> PROMPT: Would you retype the listing below word for word, without any of its pictures?

> PROVIDED DATA:
"""

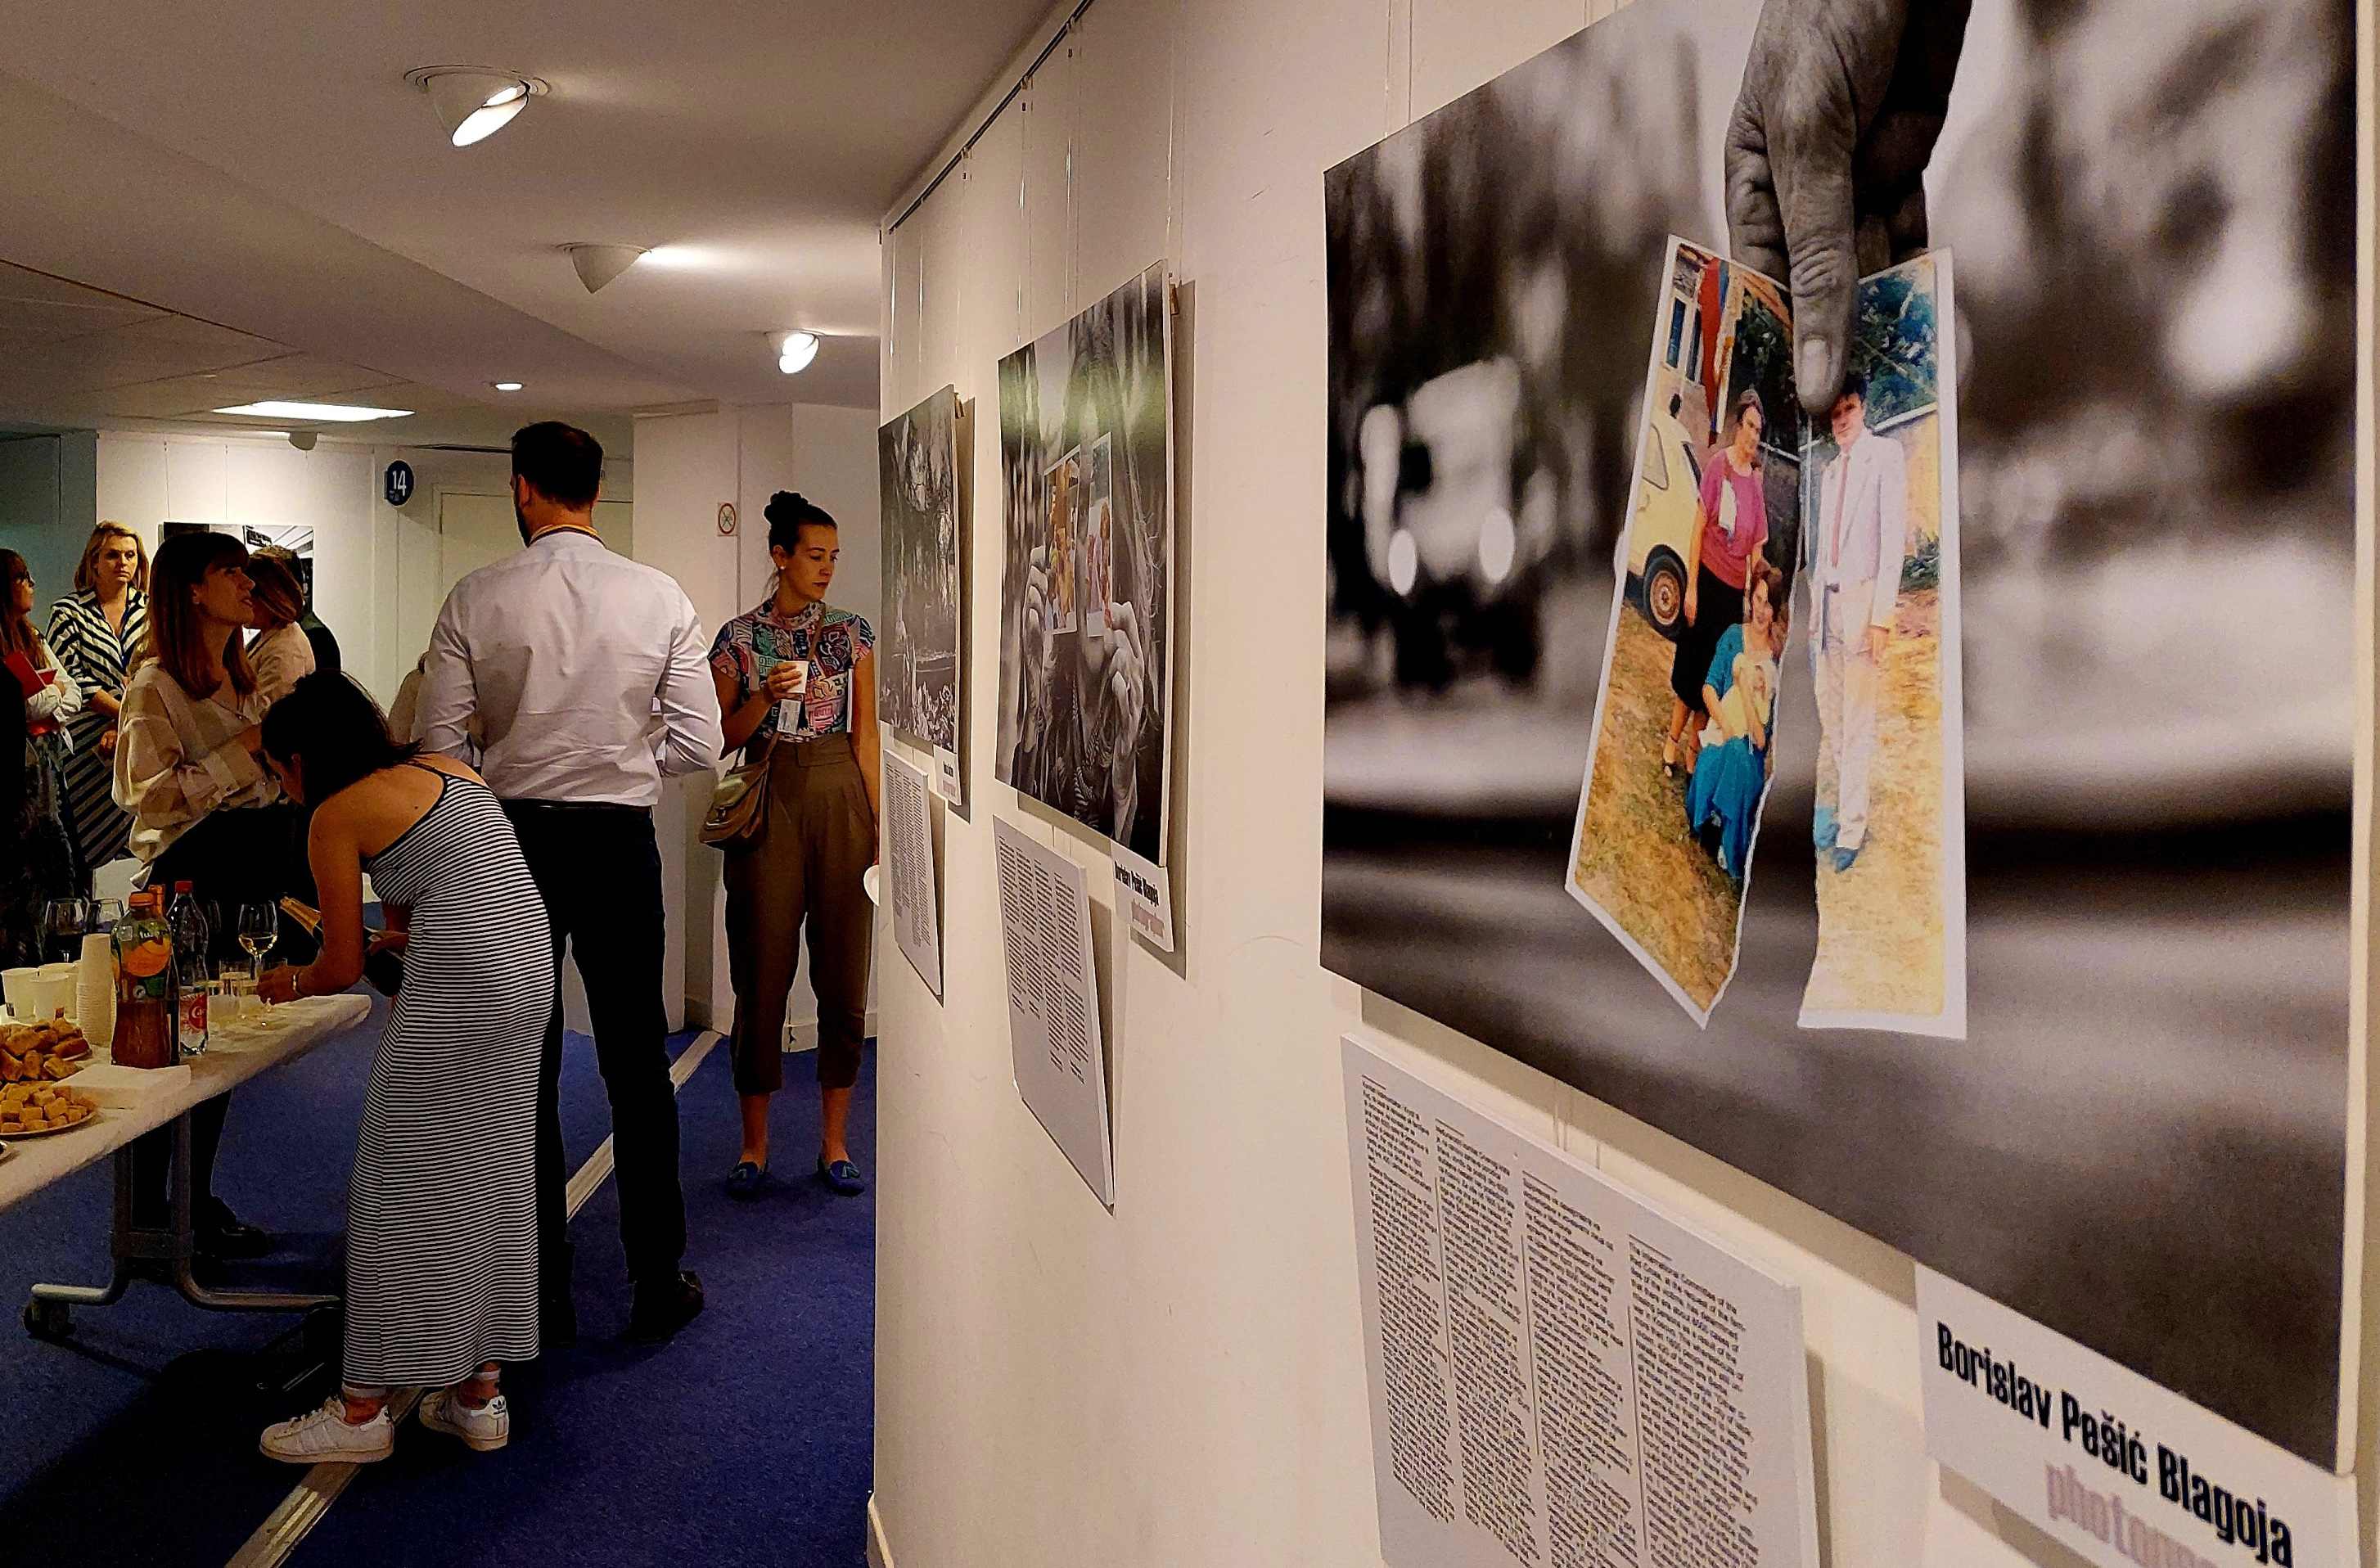 Les spectateurs regardent des photographies affichées sur le mur.
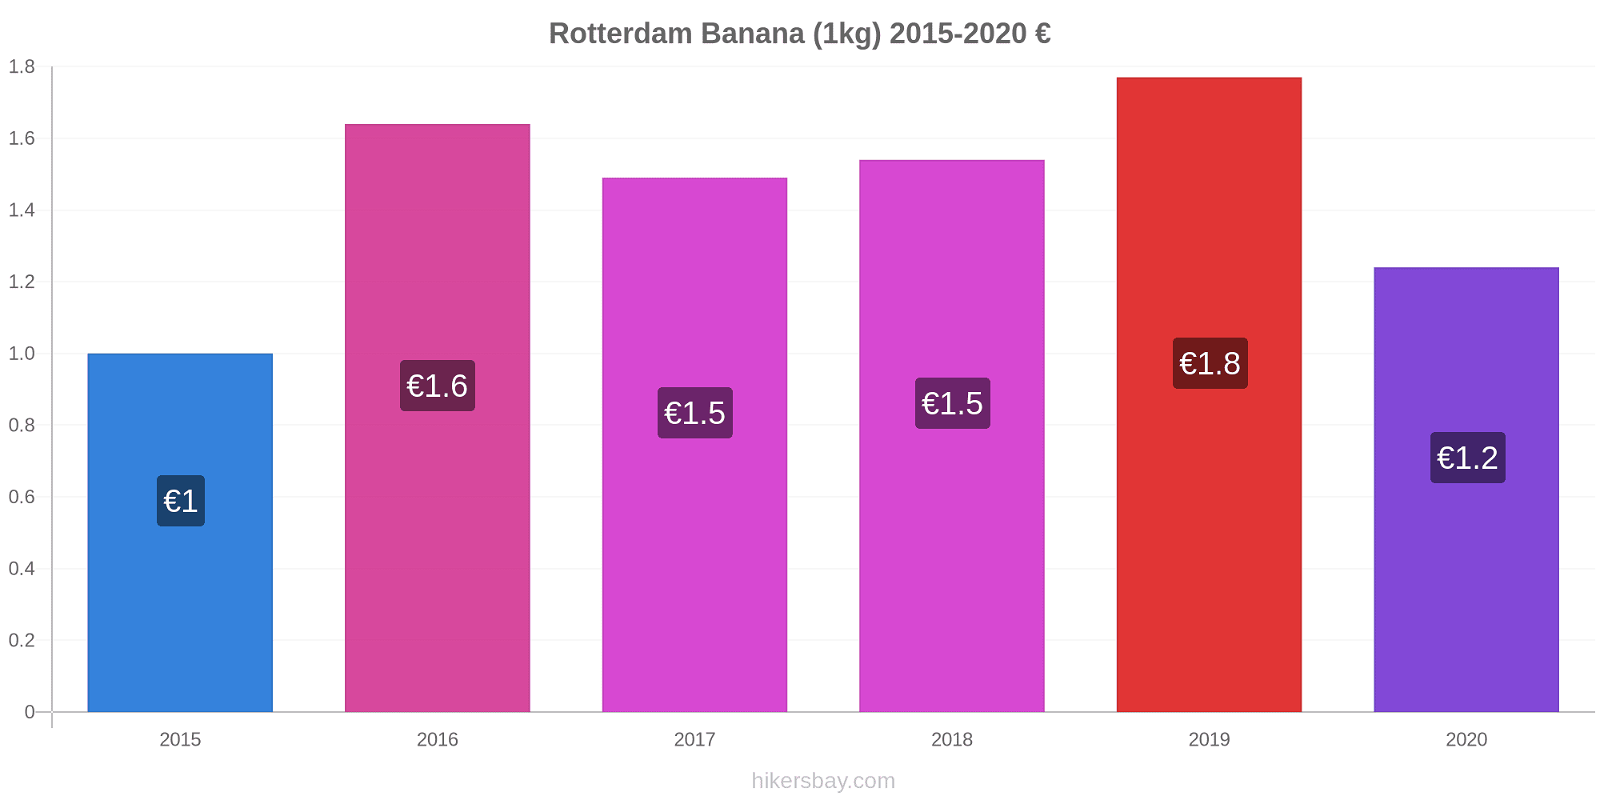 Rotterdam modificări de preț Banana (1kg) hikersbay.com
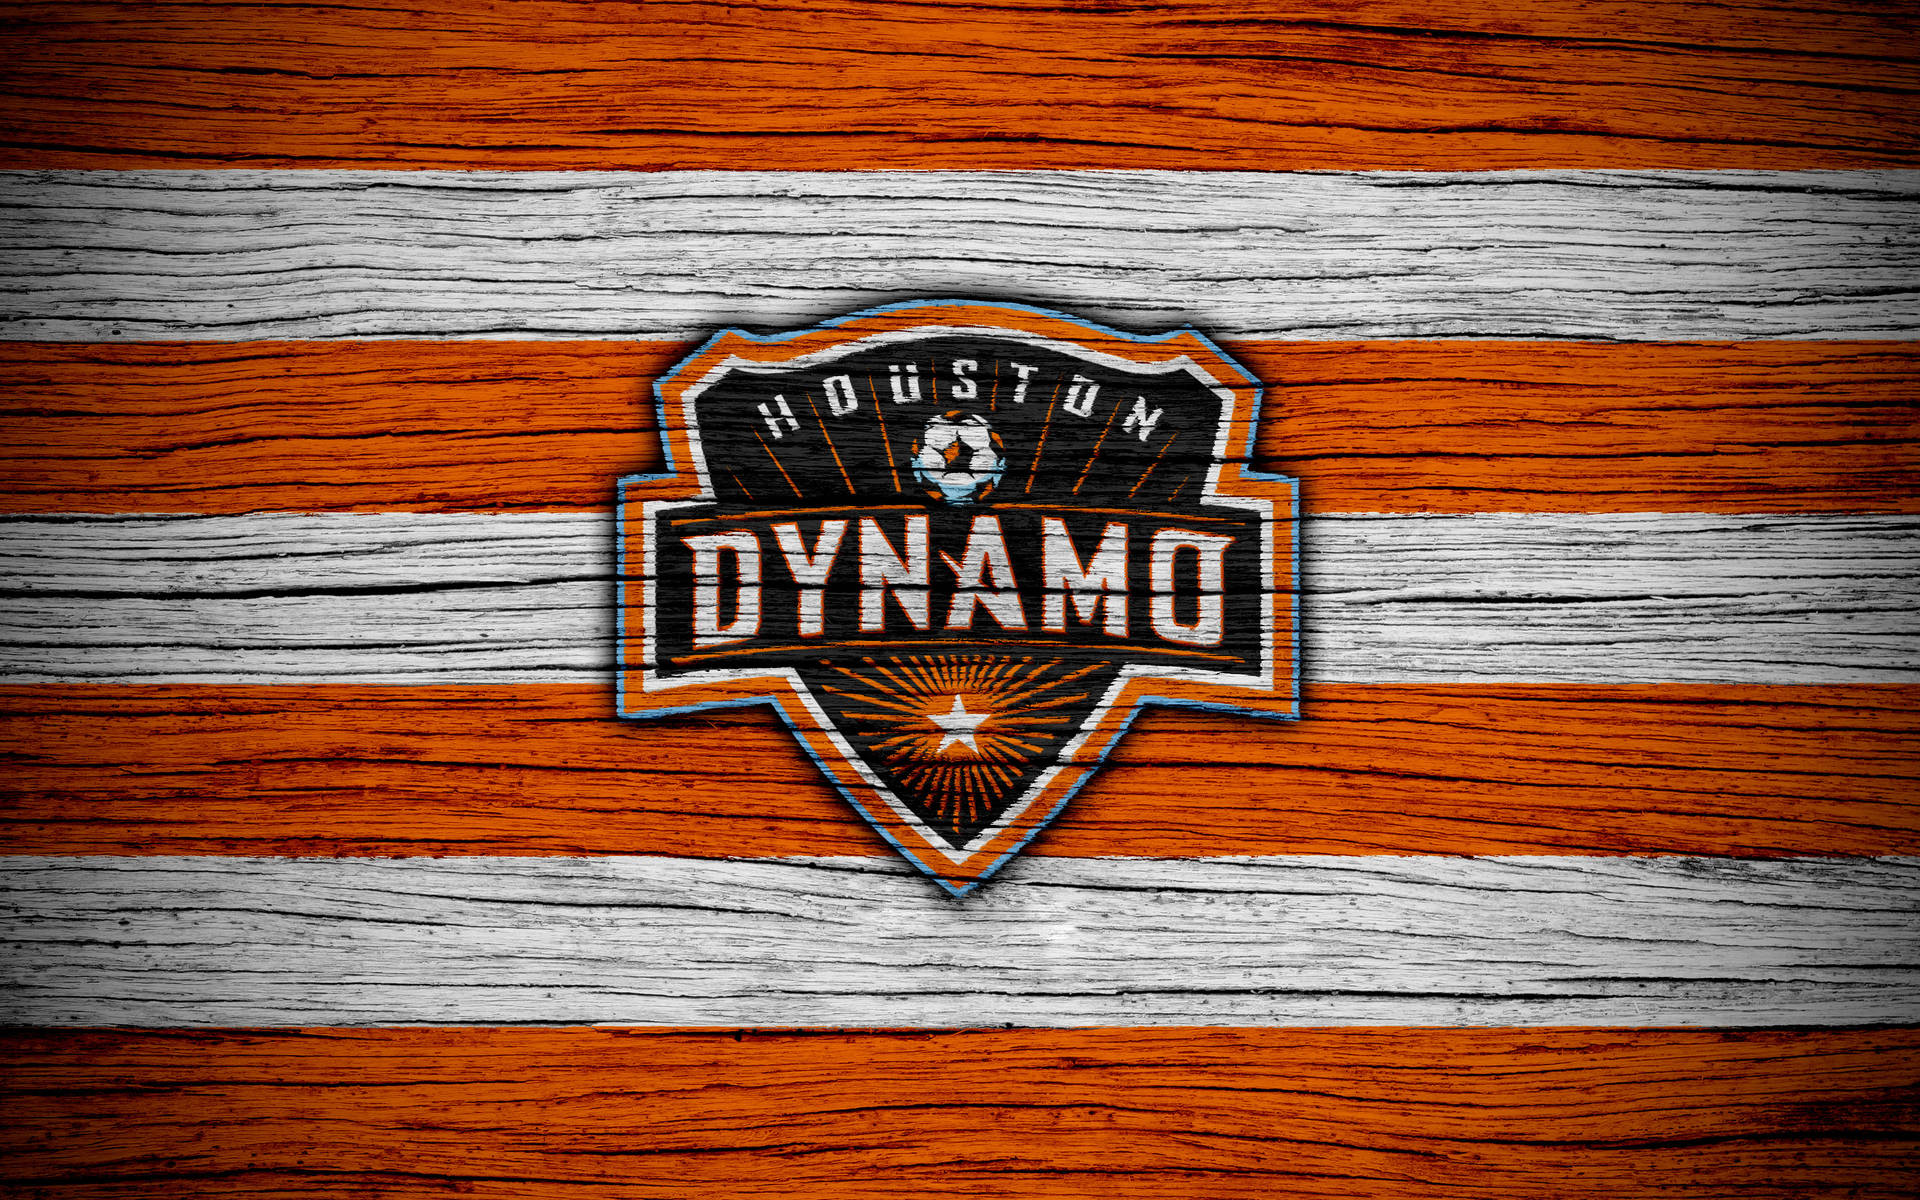 Free Houston Dynamo Wallpaper Downloads, [100+] Houston Dynamo Wallpapers  for FREE

"""

> WRITTEN REPLY:
 Les spectateurs regardent des photographies affichées sur le mur.
 Rotterdam modificări de preț Banana (1kg) hikersbay.com
 Free Houston Dynamo Wallpaper Downloads, [100+] Houston Dynamo Wallpapers  for FREE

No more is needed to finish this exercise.